**TASK ITEM**
The entire listing below is to be written out exactly, minus the pictures.

**DATA BELOW**
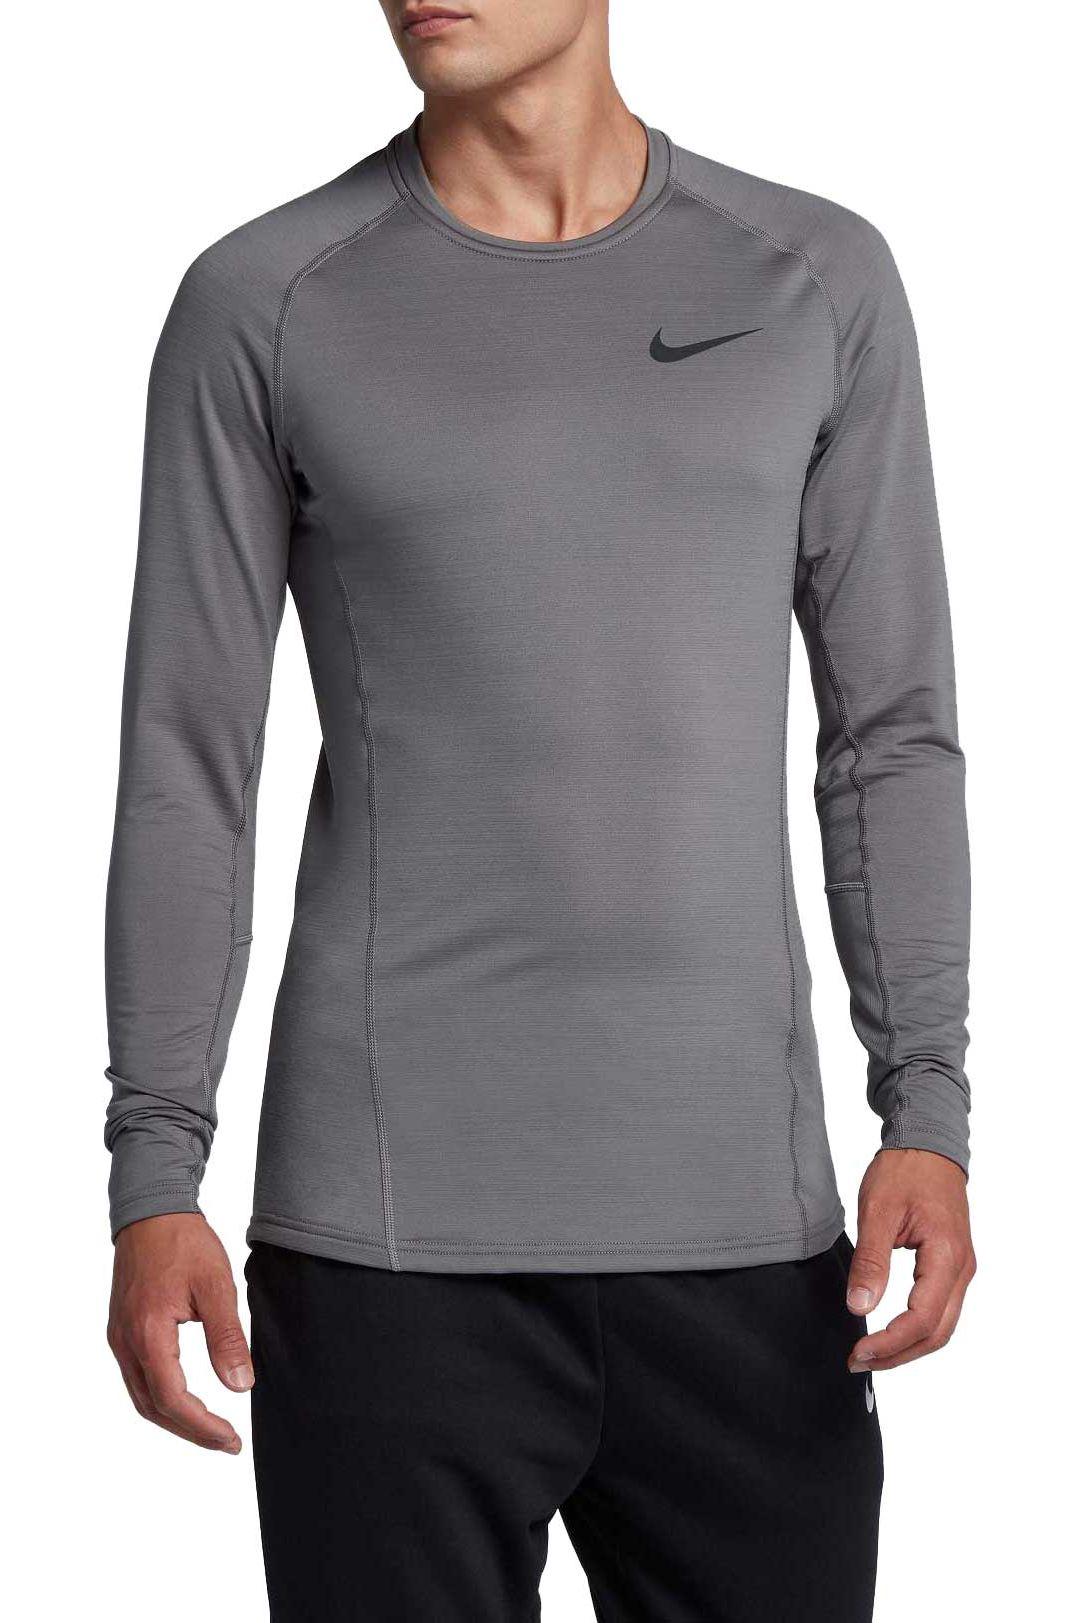 b453043647c8 Nike Men's Pro Therma Dri-FIT Long Sleeve Shirt | DICK'S Sporting Goods
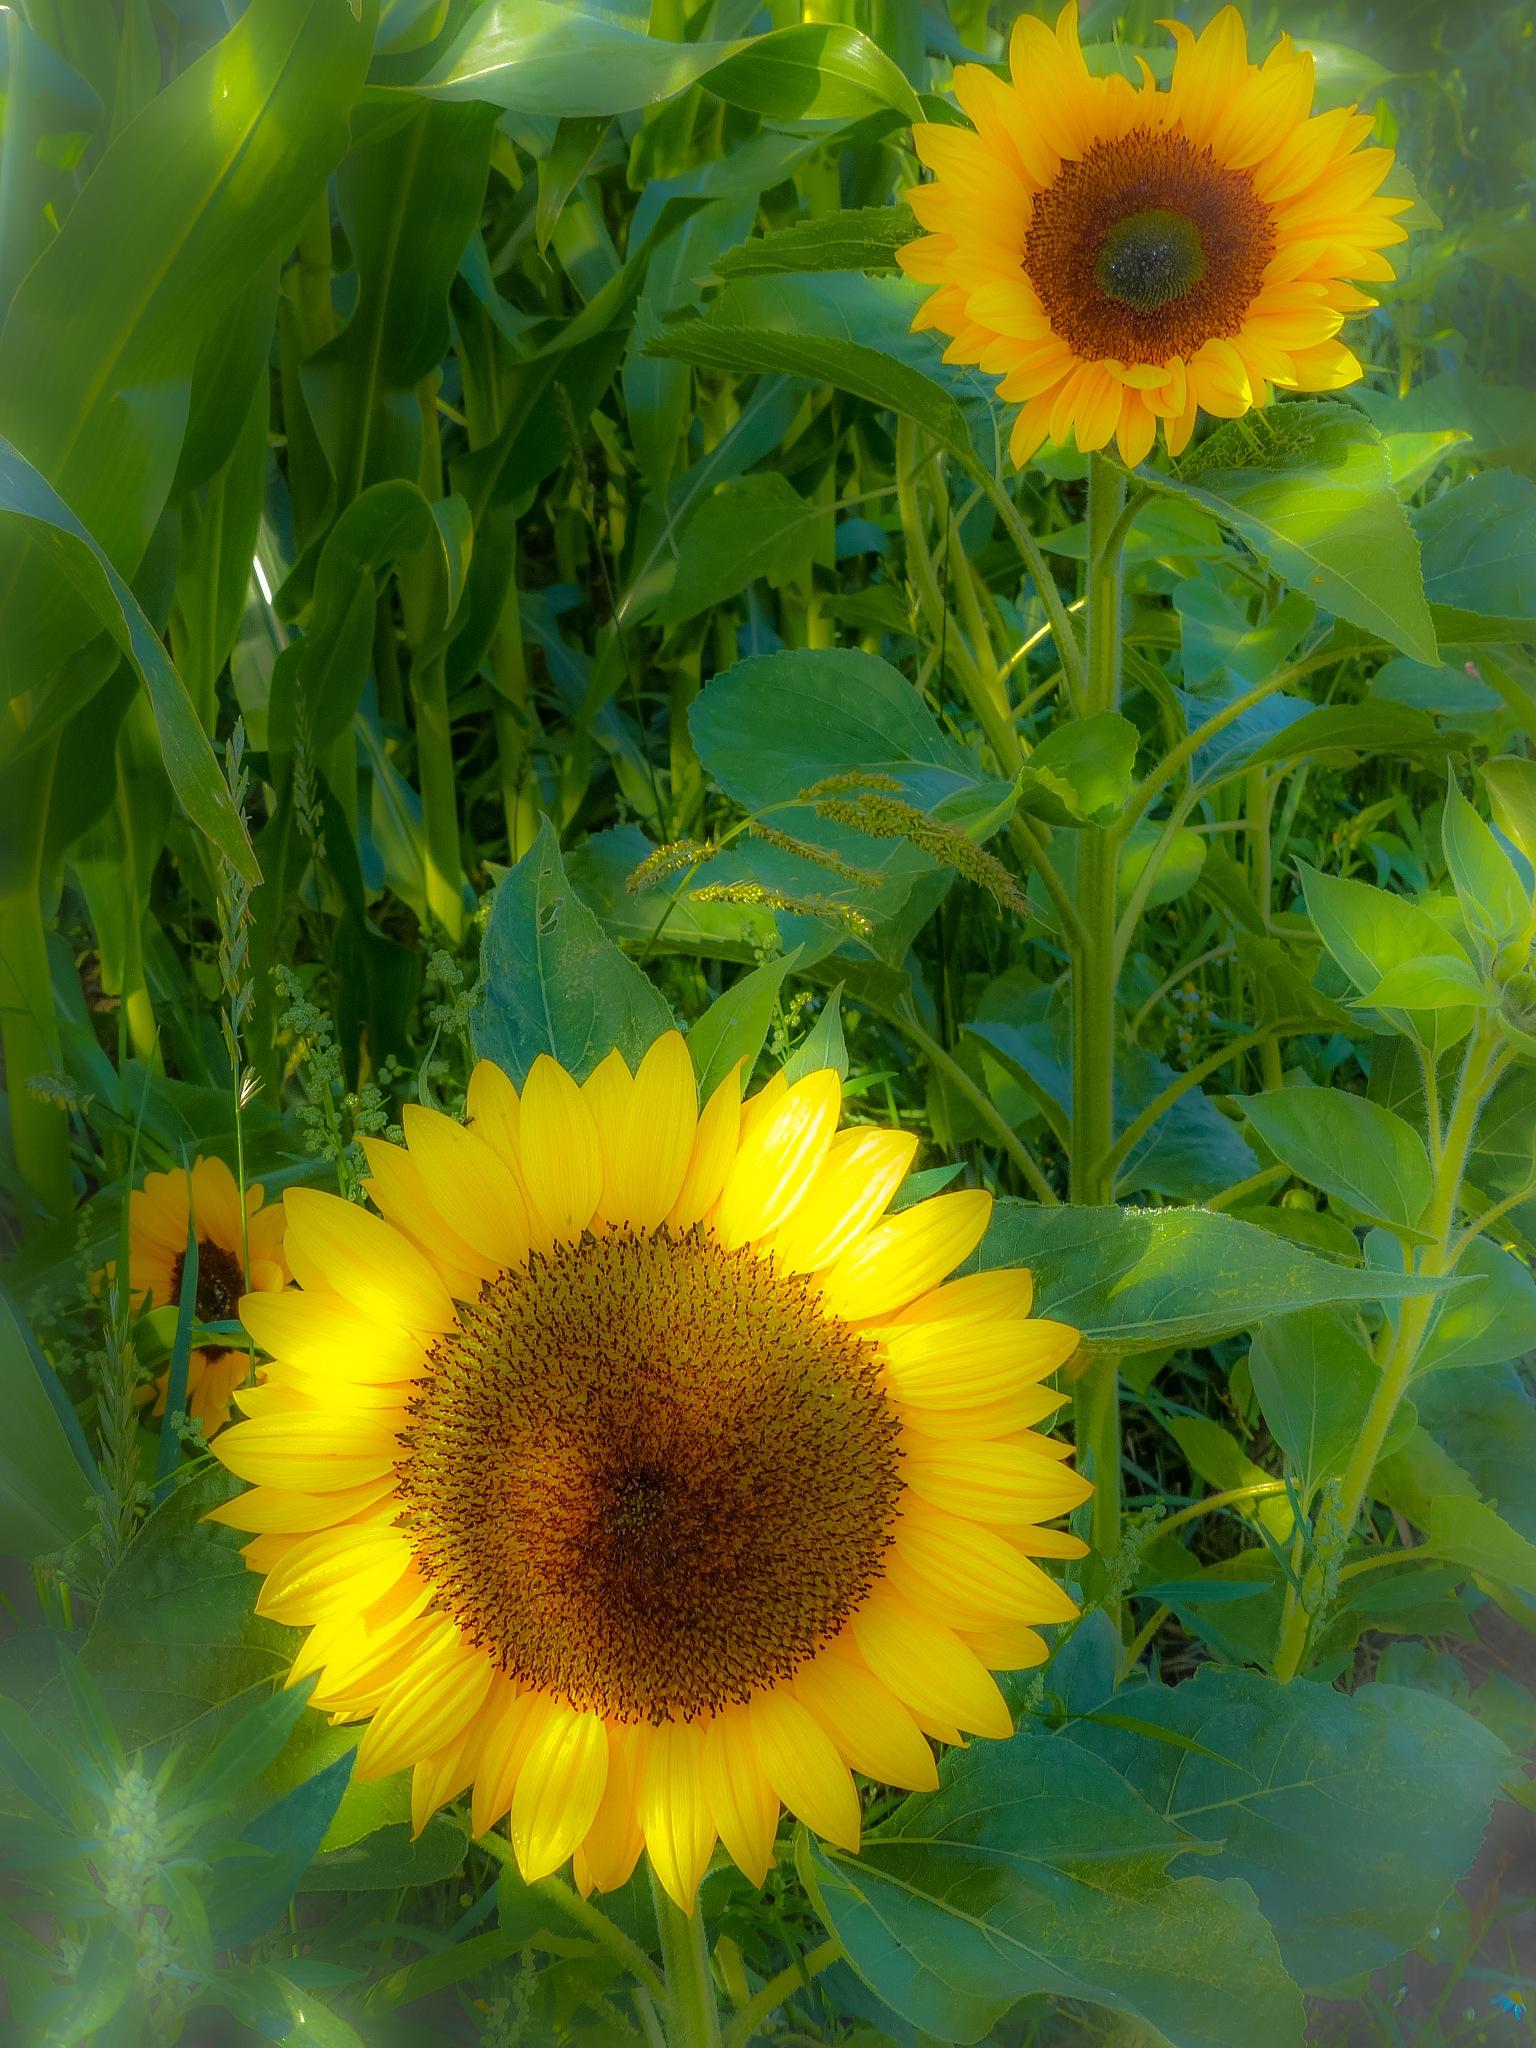 sunflowers by Paul Geutjes
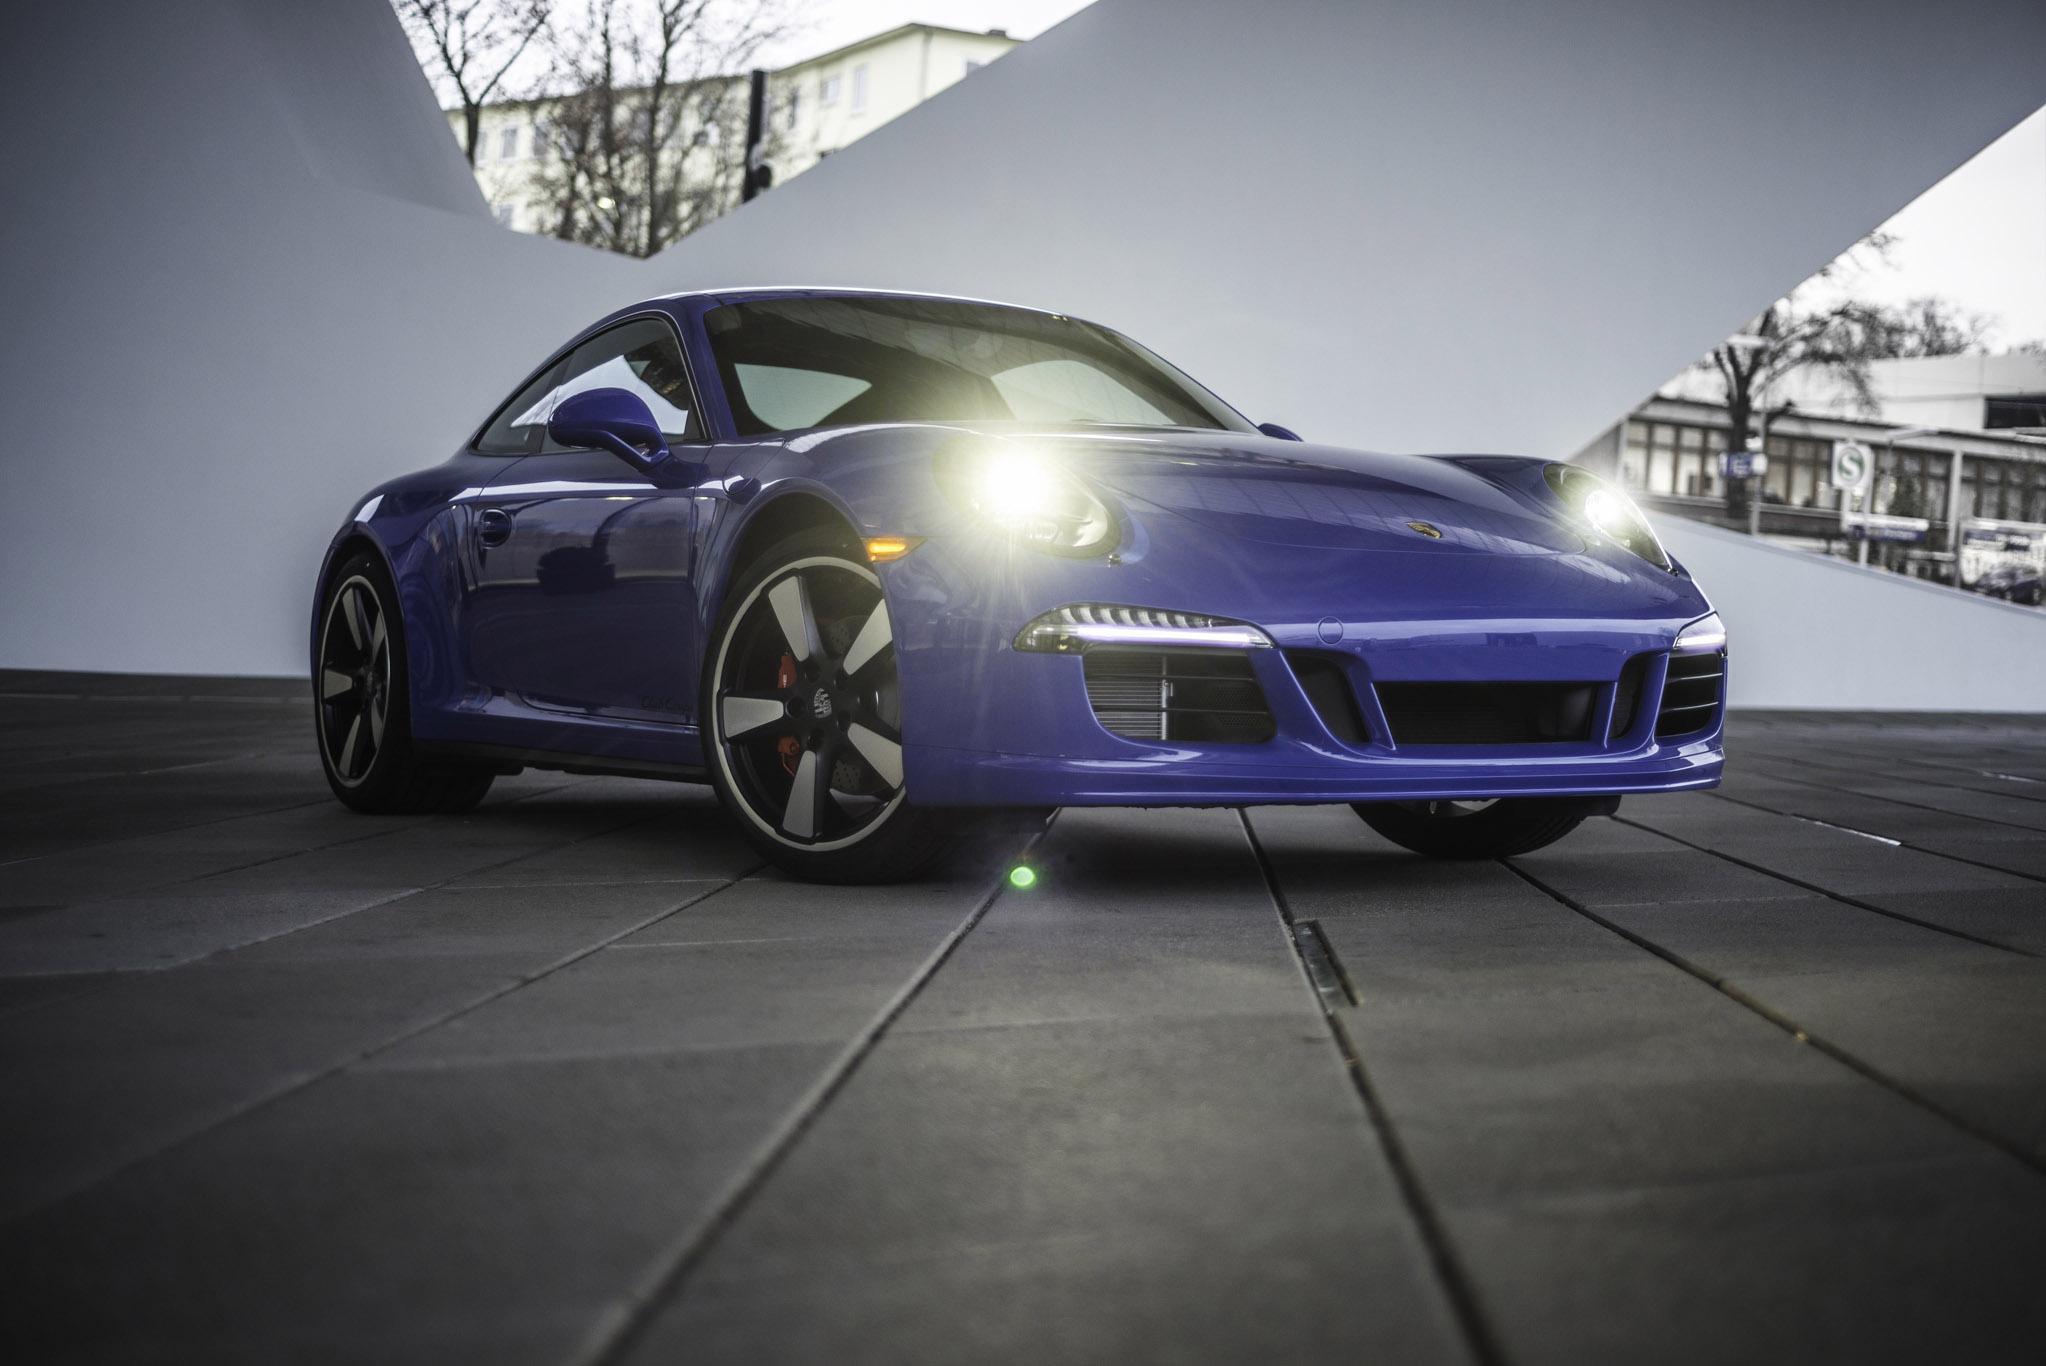 Porsche 911 GTS Club Coupe photo #2

**WORKED SOLUTION**
 b453043647c8 Nike Men's Pro Therma Dri-FIT Long Sleeve Shirt | DICK'S Sporting Goods
 sunflowers by Paul Geutjes
 Porsche 911 GTS Club Coupe photo #2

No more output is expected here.